Be it built with brick and mortar or speeding down the highway behind an automobile rolling on wheels, our homes become our domain. We possess four walls with treasures accumulated over time. We have thrones of naugahyde or course plaid fabric placed centrally before our wide screen televisions and in our hands we raise high our modern scepters – the remote control.

Even before remote controls, the king of the castle possessed power over the mere serfs. Being the youngest in my family, I was vigilant, ready for the command to rise and turn to Hawaii Five-0 or Mannix.

When I ascended to the throne and had a young squire and damsels at my beck and call, the power wielded by the one who held this scepter came to me, and I thrilled to all the options open to the one in charge of the remote control. With a flick of the wrist and a press of an arrow, I moved across networks, changing channels favoring or dismissing programs and shows. (This control is heady stuff.)

But with great power comes great responsibility, and I learned the lesson of those kings of castles before me.

I am not the only one affected by my scepter wielding authority. Late at night, I practice the art of total control, just me and the wide screen. But on Sunday afternoons,

I raise the remote and click over to Thomas the Train, Curious George or the Care Bears while my one-year-old granddaughter Emmalie claps and smiles at the decision. On Thursday evenings after the vocabulary quiz is written and weekly lesson plans are completed, I click the remote to my wife’s favorite program on PBS or HGTV. The grateful look and head on my shoulder are enough for my satisfaction with my choice made on another’s behalf. I’ve learned that taking others into consideration is a priority of most kings.

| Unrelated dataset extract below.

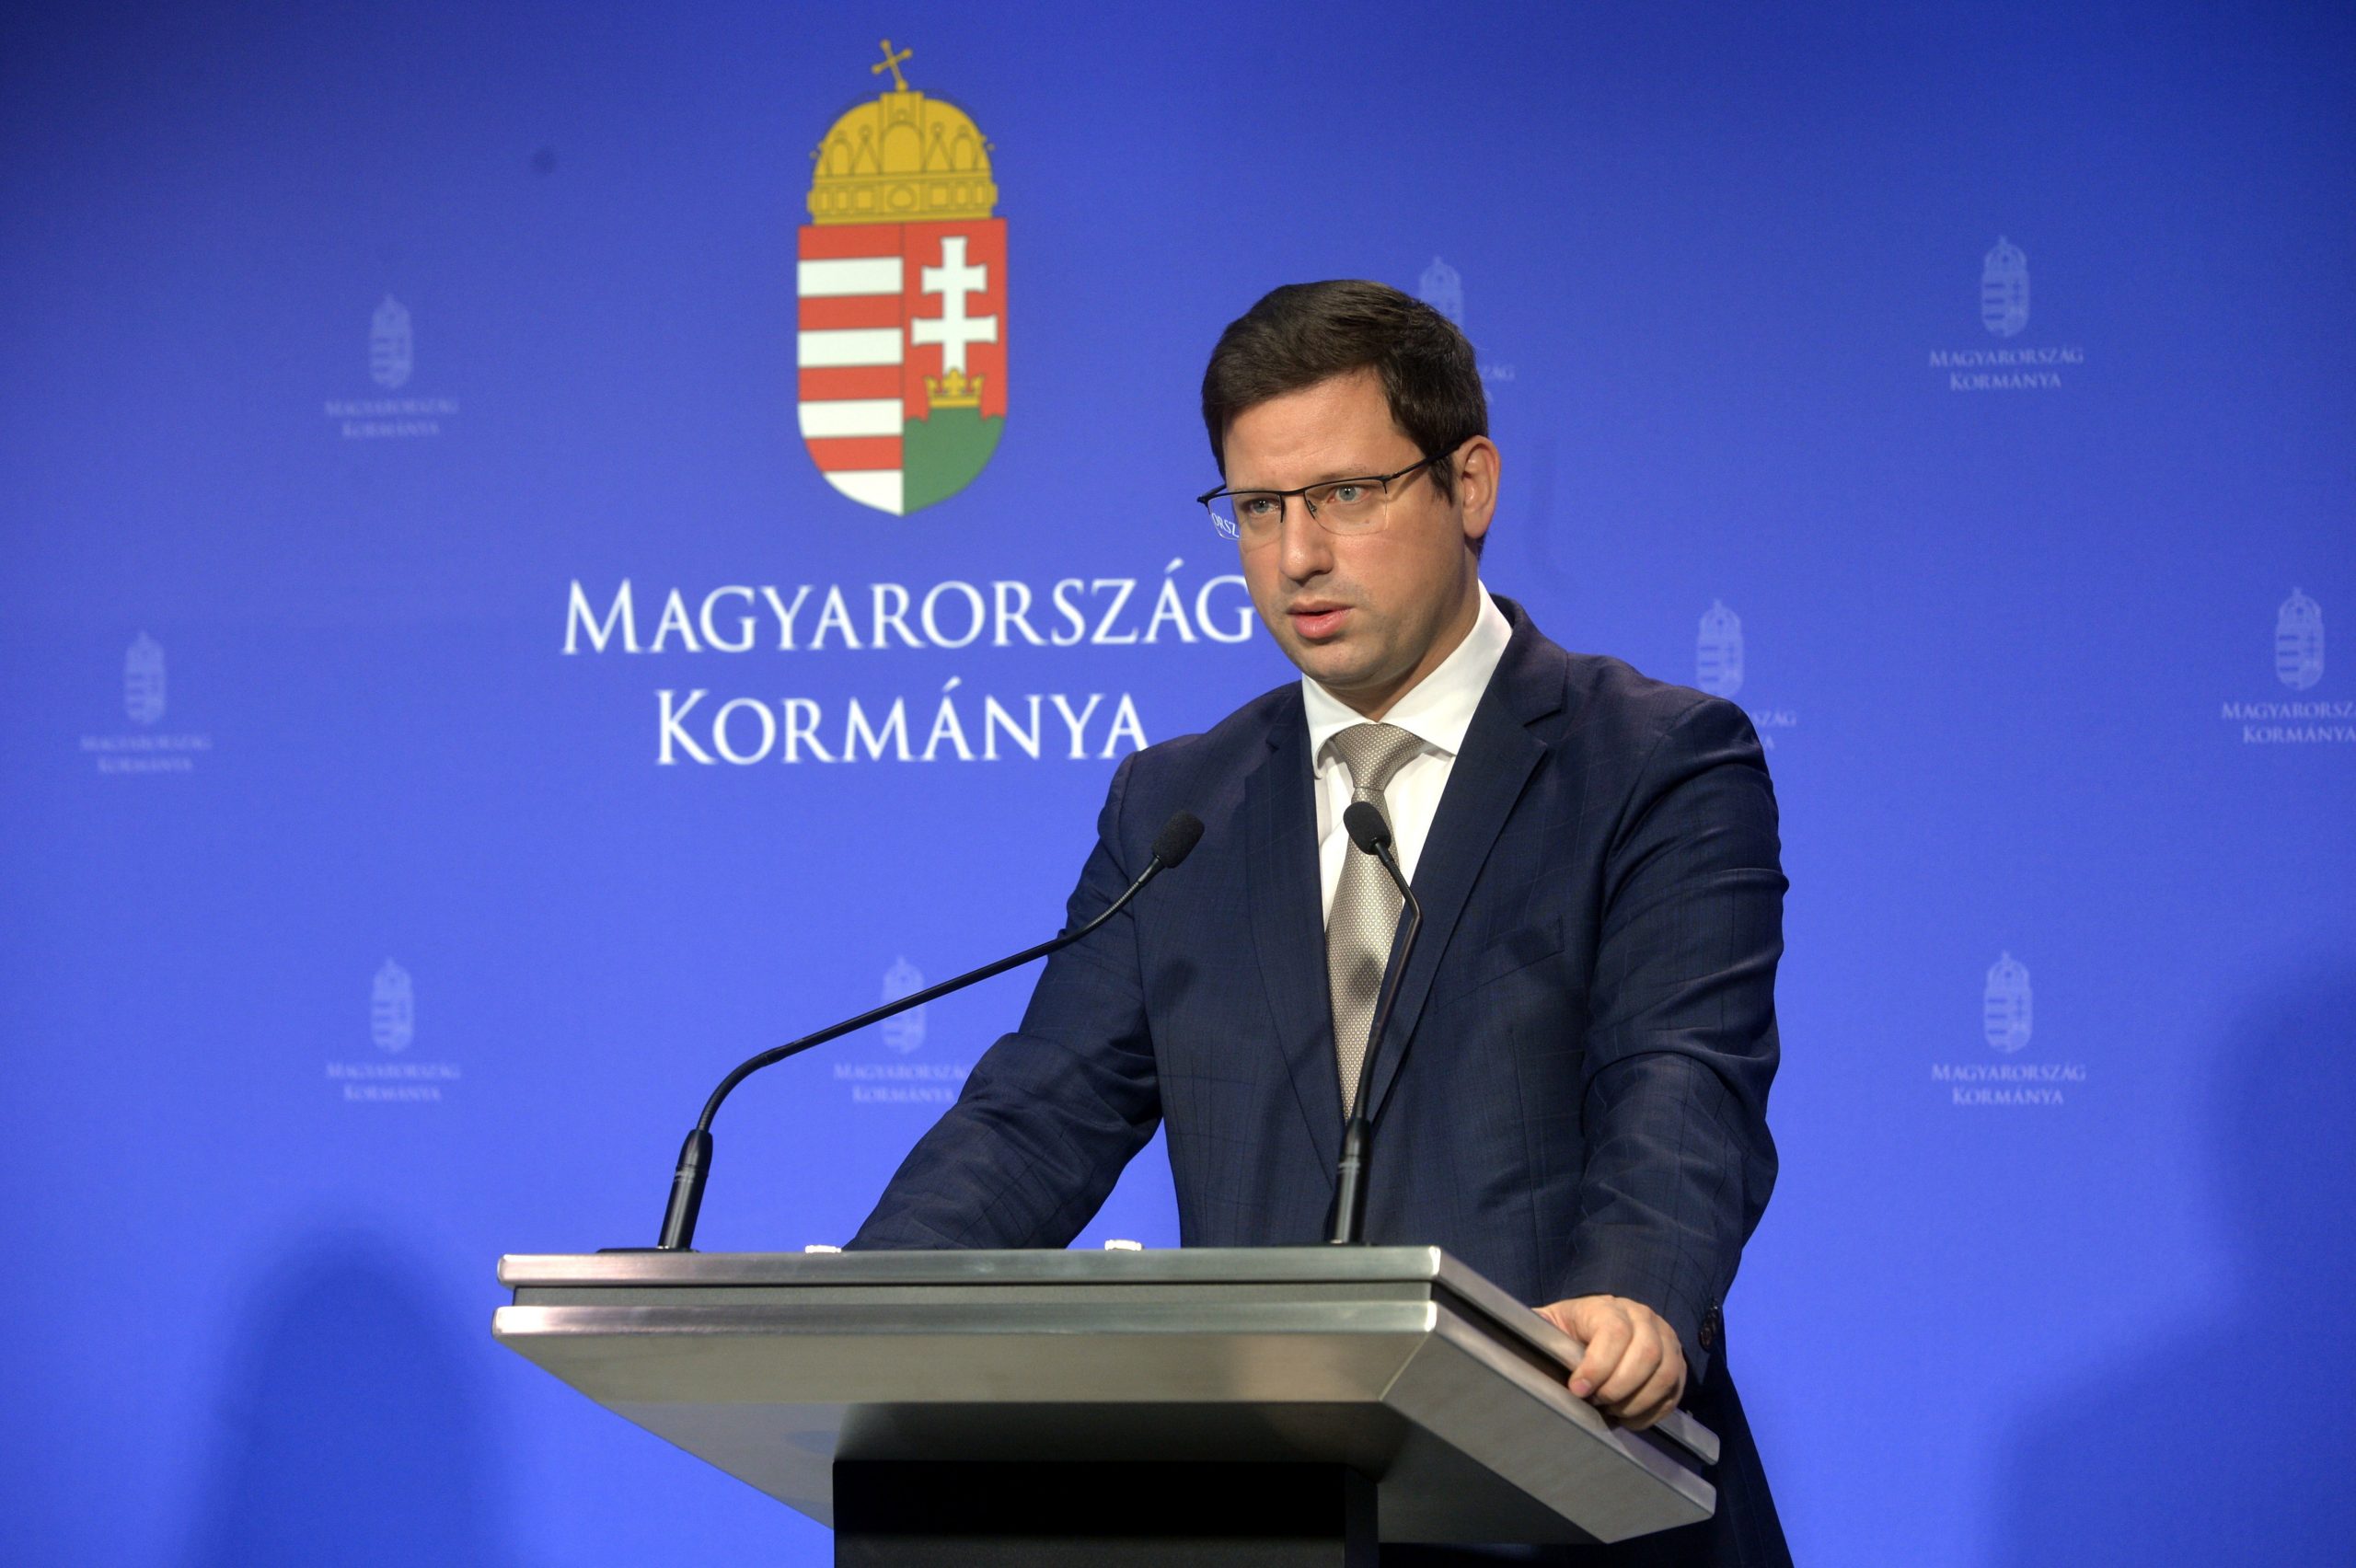 PMO Head: Constitutional Court and Not CJEU Defines Limits of EU Law

When we changed households, I sorted through stuff to make sure nothing came with me that I could leave behind.

In the bottom of the television console, a drawer of remotes lay dormant, relegated to this space after I purchased a universal remote to bring all my media devices under the will of an all powerful one.

In my own life, I learn time and again to temper my plans and personal will to the authority of the One who calls me by name. I am the head of my household, the king of my castle, but I am also a child of the Almighty, and every decision I make must be aligned to His greater purpose. Being tuned in to the will of my Savior keeps my channels set at the right program, and although I hold the remote, I choose to meld my wishes and desires to Jesus who lives in me.

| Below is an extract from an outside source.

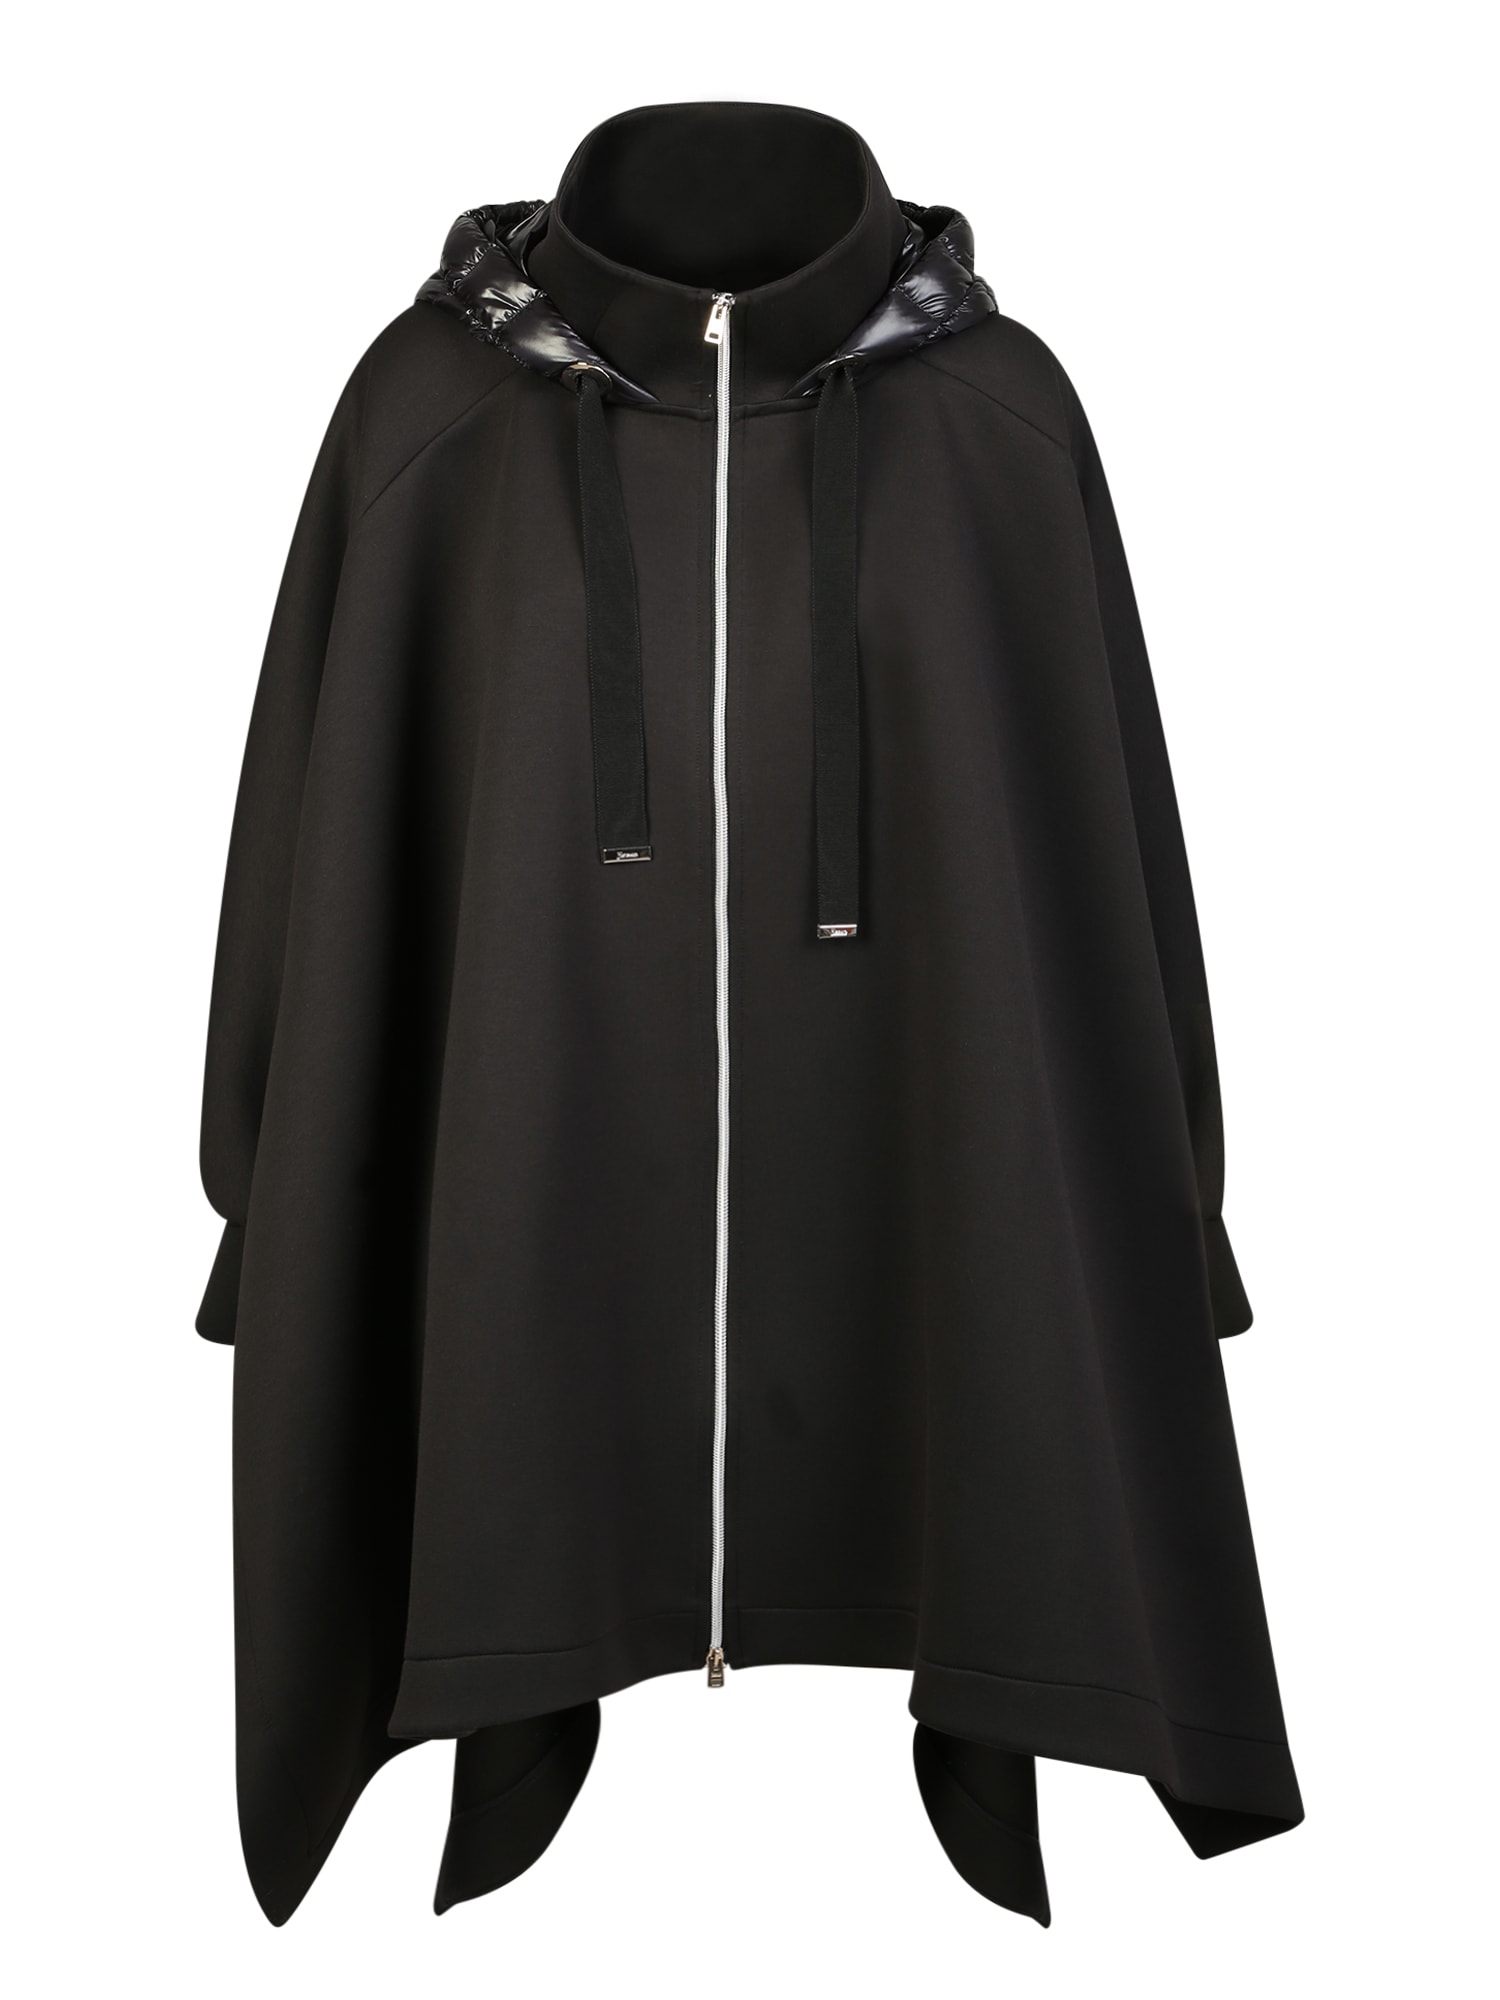 Asymmetrical Coat With Hood By Herno

Peter writes: “For all power belongs to God, now and forever.” He reminds us that God is trustworthy: “...the one who trusts in Him will never be put to shame.” Yielding to God places the control in the right hands – the God of the universe.

I did find the perfect place for one of my old remotes. Right beside mine now resides a smaller one, same black shell with brightly colored buttons, and when Emmalie toddles in and curls up beside me on Sunday afternoons, she takes hold of her little scepter, points to the television, and clicks happily away.